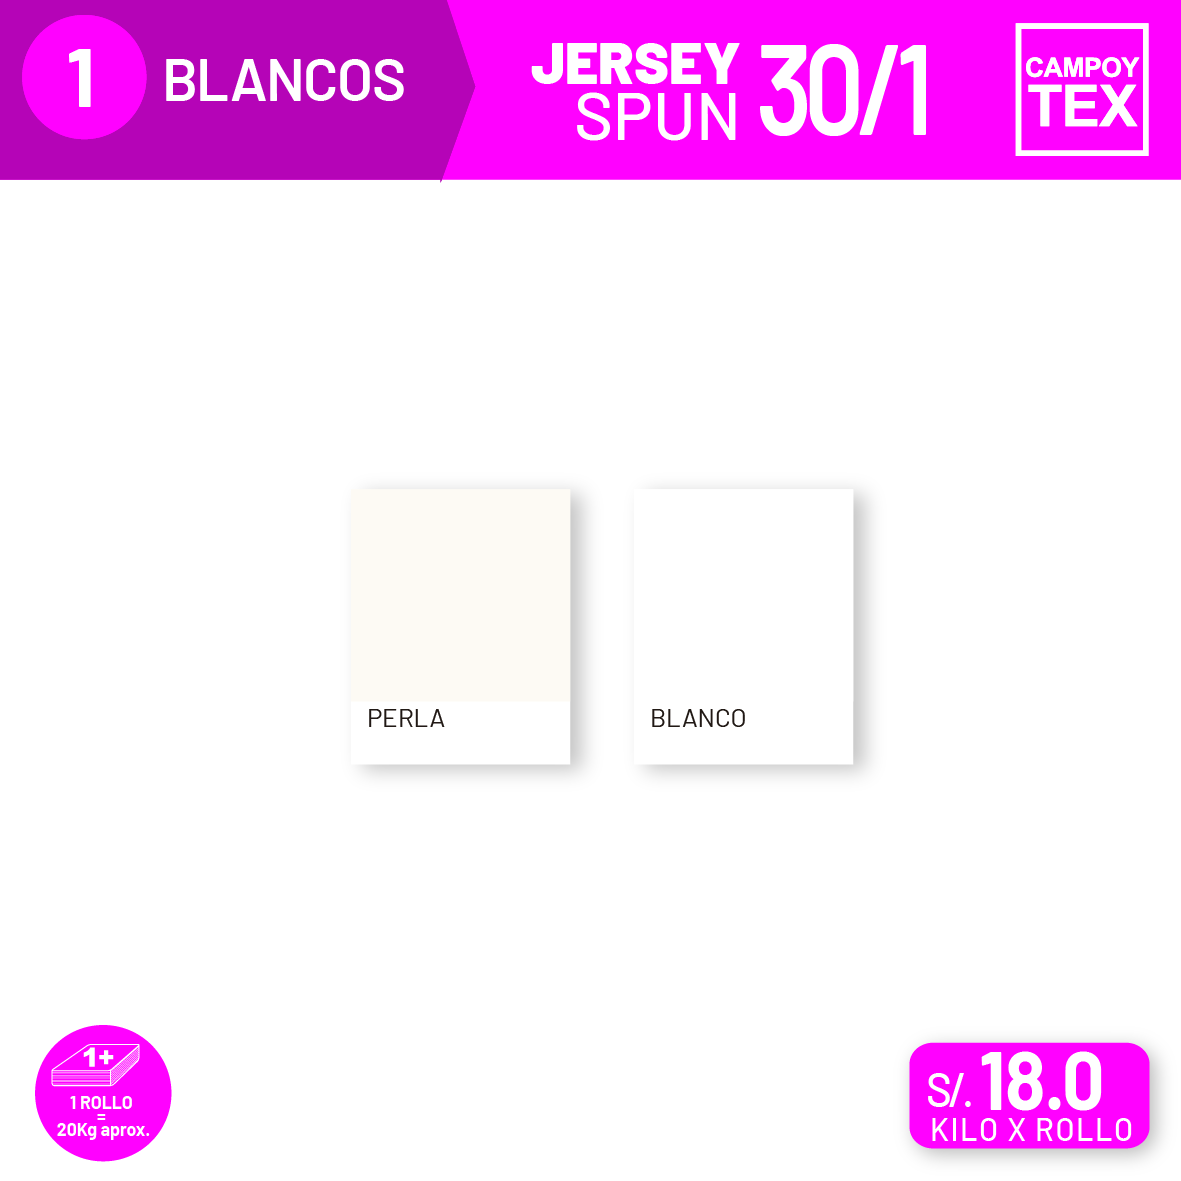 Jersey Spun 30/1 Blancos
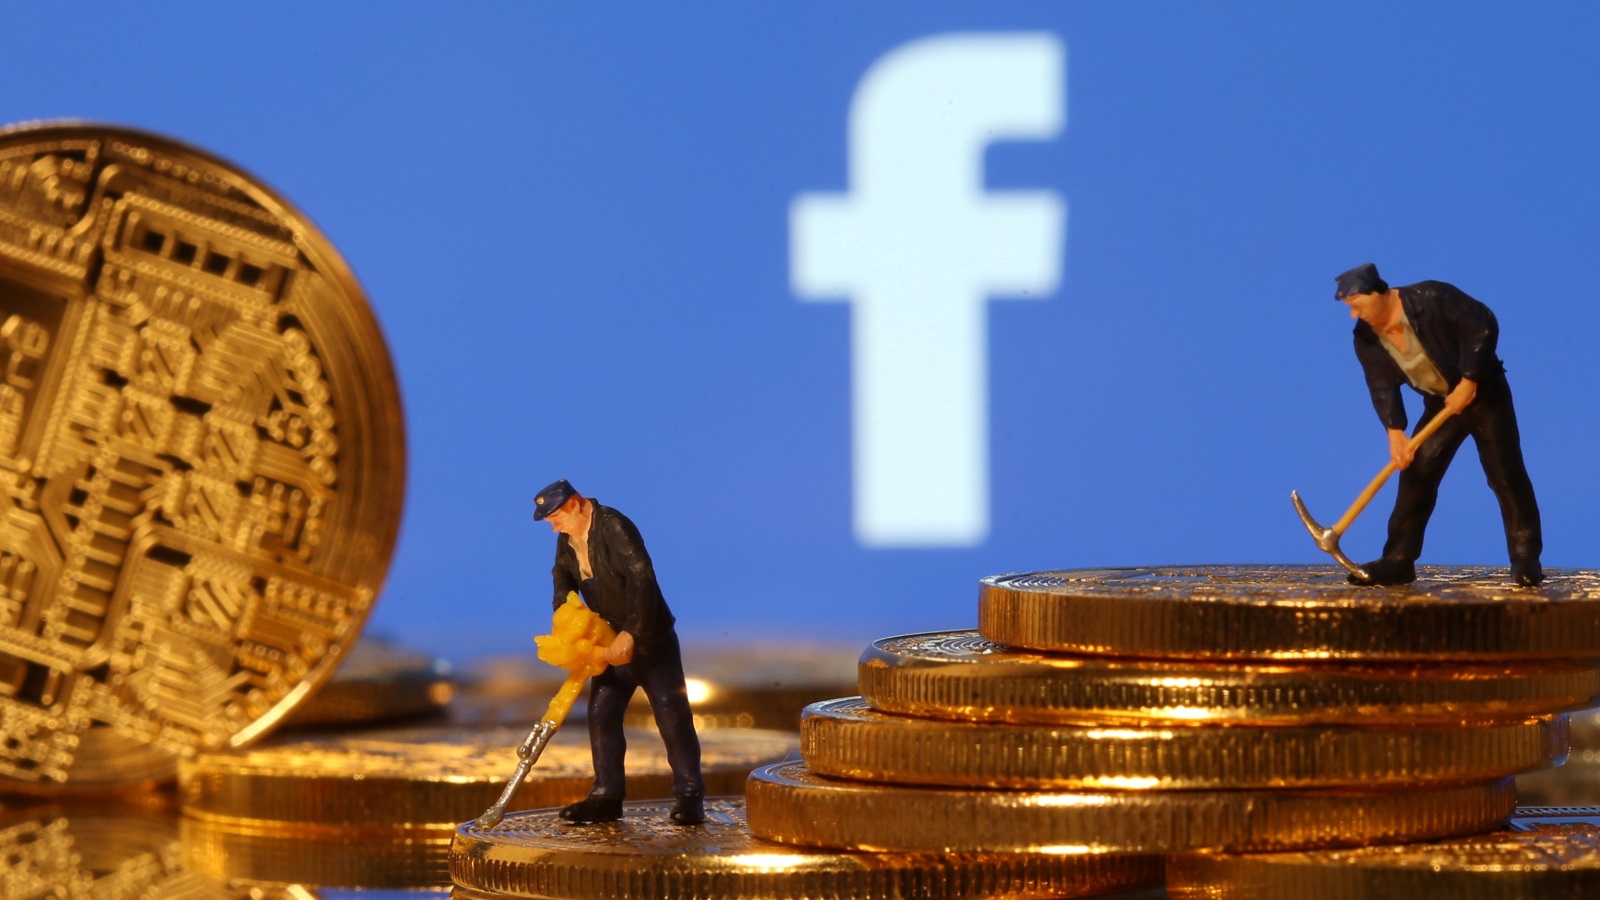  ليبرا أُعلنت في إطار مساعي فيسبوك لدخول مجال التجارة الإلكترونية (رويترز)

________

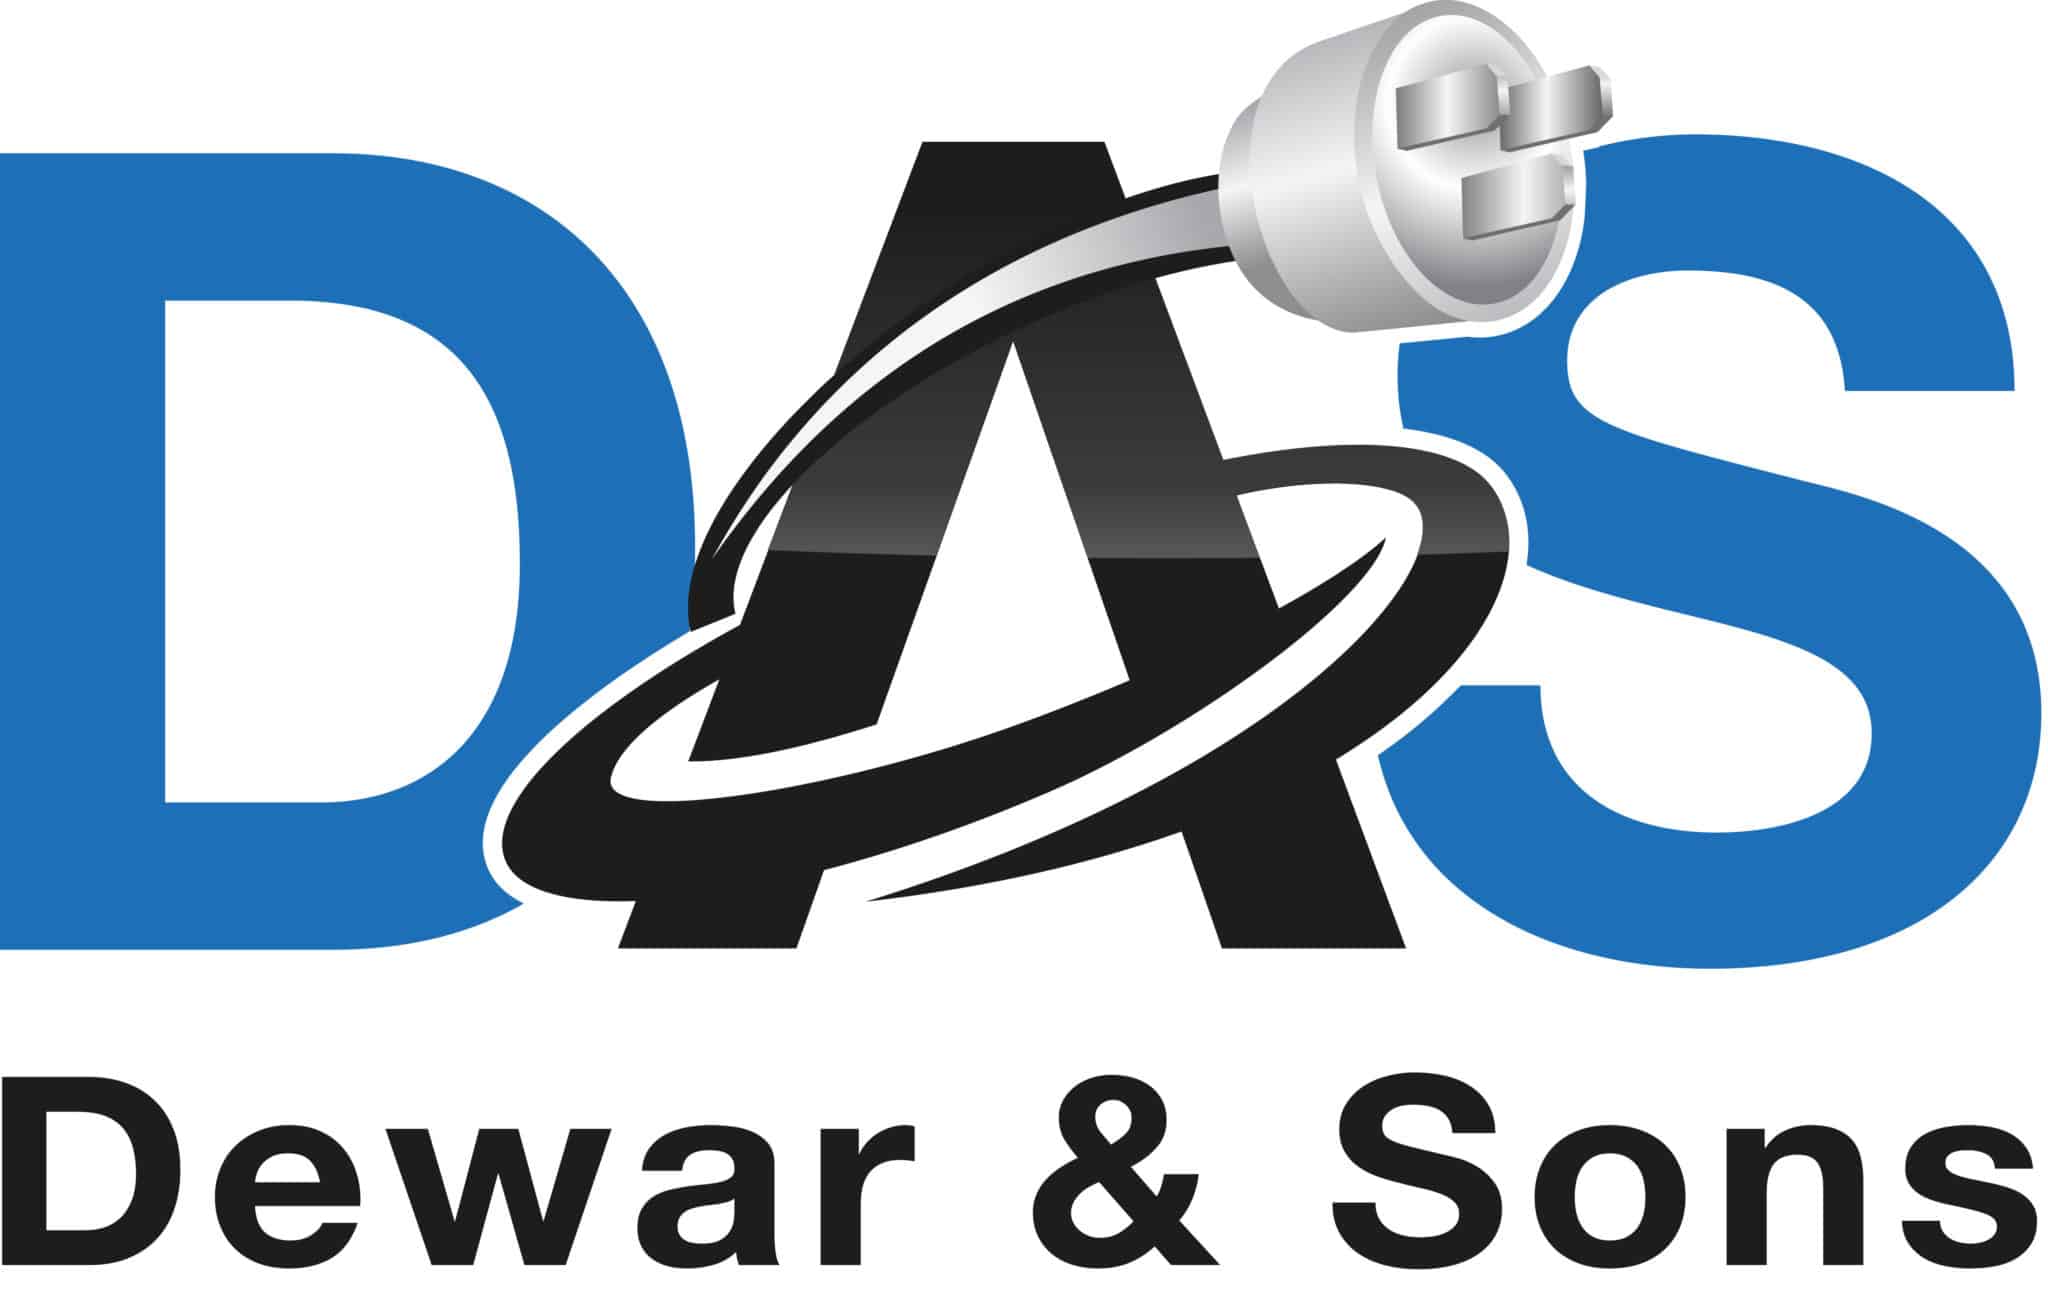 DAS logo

________

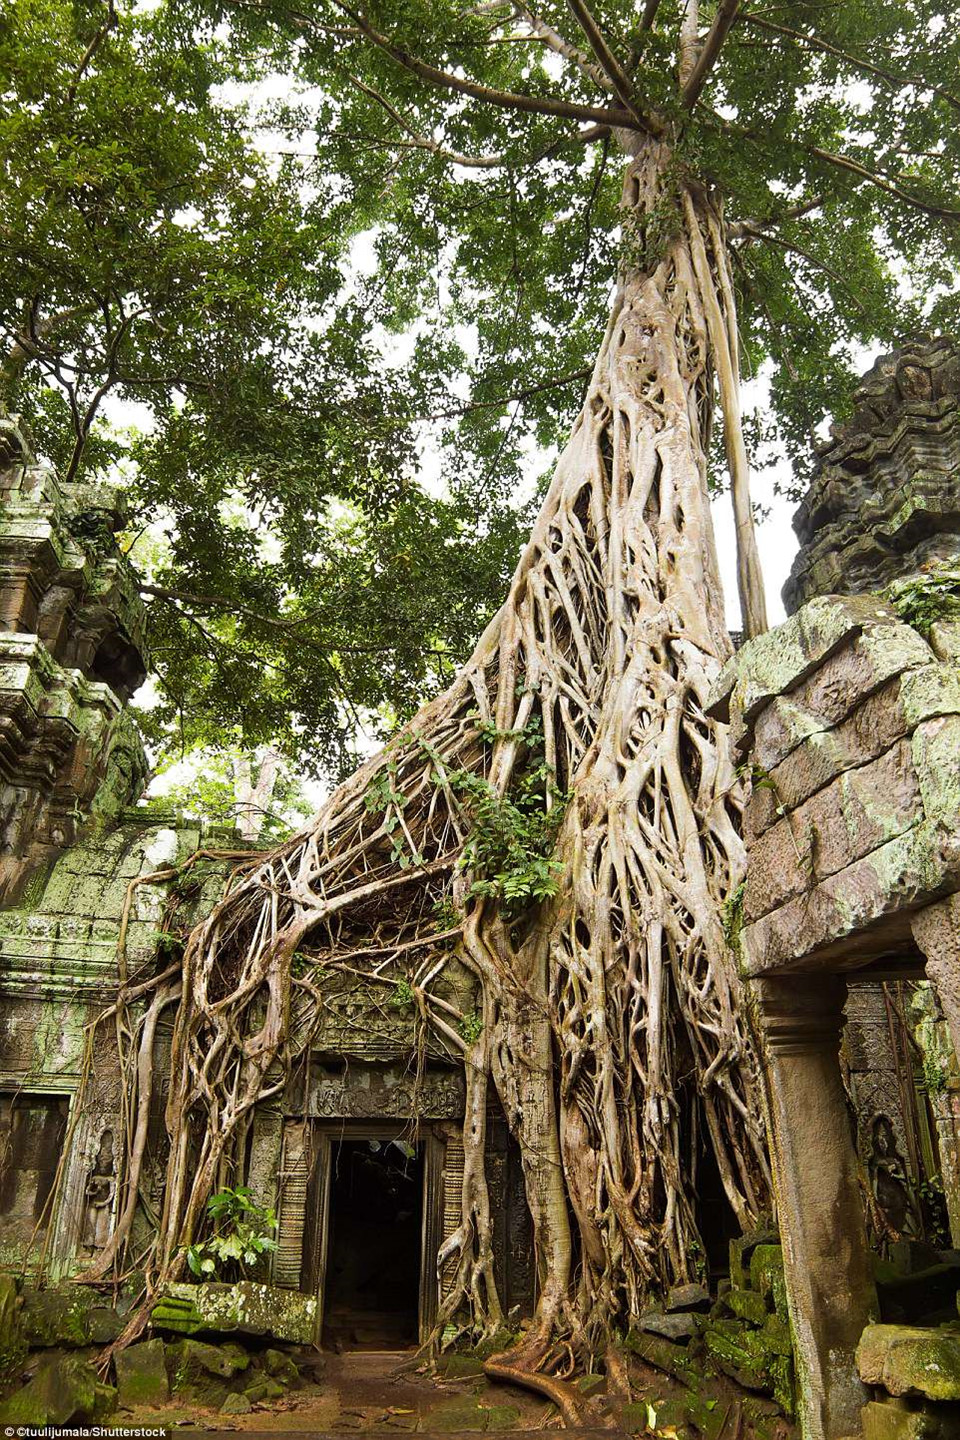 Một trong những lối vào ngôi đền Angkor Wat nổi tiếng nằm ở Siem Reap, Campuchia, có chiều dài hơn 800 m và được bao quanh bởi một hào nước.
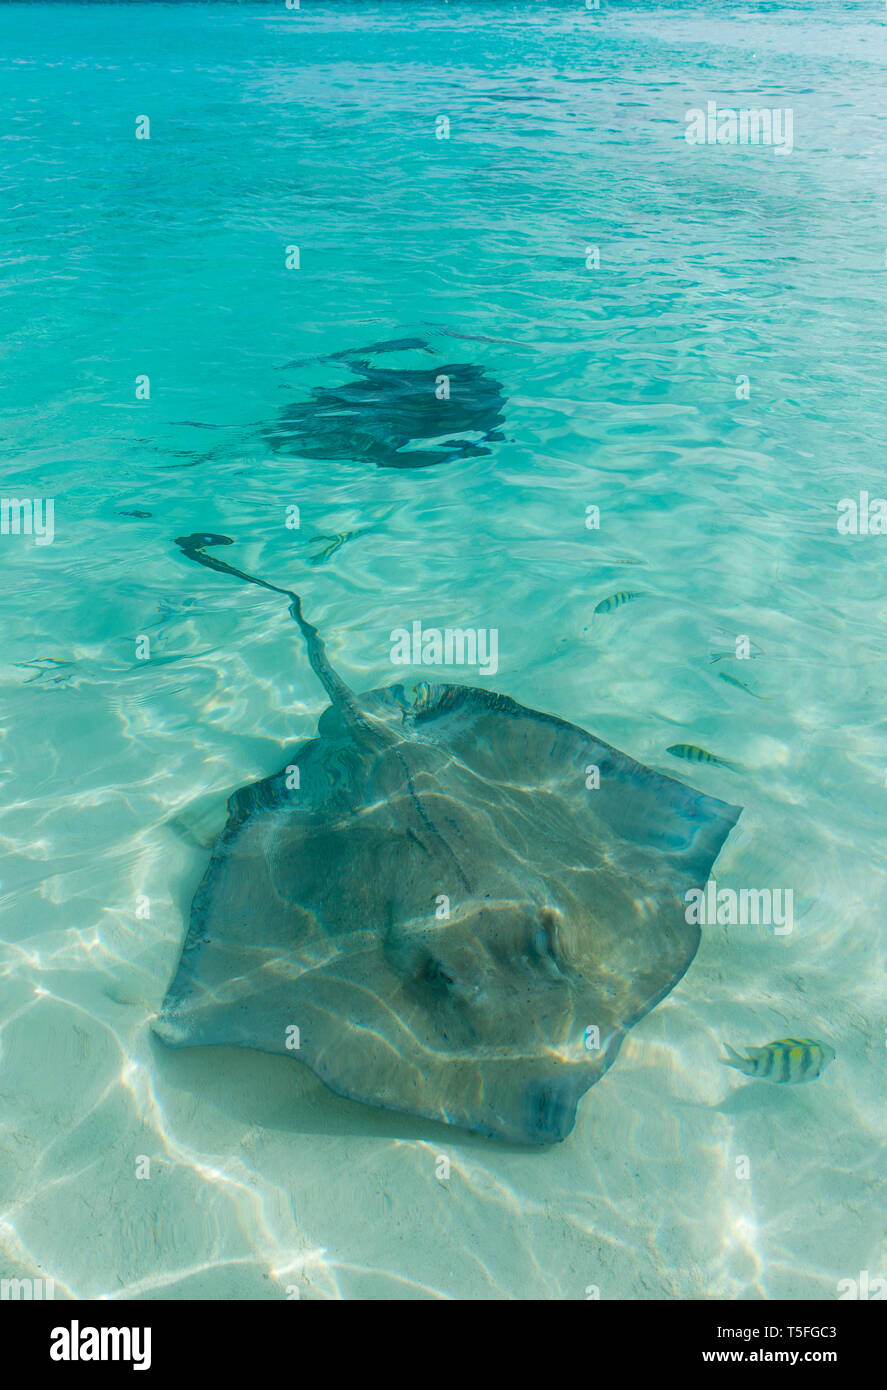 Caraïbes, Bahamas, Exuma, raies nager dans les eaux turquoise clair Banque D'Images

________

### Work instructions
Working from the entries above, reproduce exactly and only the lines beginning with the line that has "Jersey Spun 30/1 Blancos" and ending with the line that has "ليبرا أُعلنت في"; omit all pictures.

### Expected answer
 Jersey Spun 30/1 Blancos
  ليبرا أُعلنت في إطار مساعي فيسبوك لدخول مجال التجارة الإلكترونية (رويترز)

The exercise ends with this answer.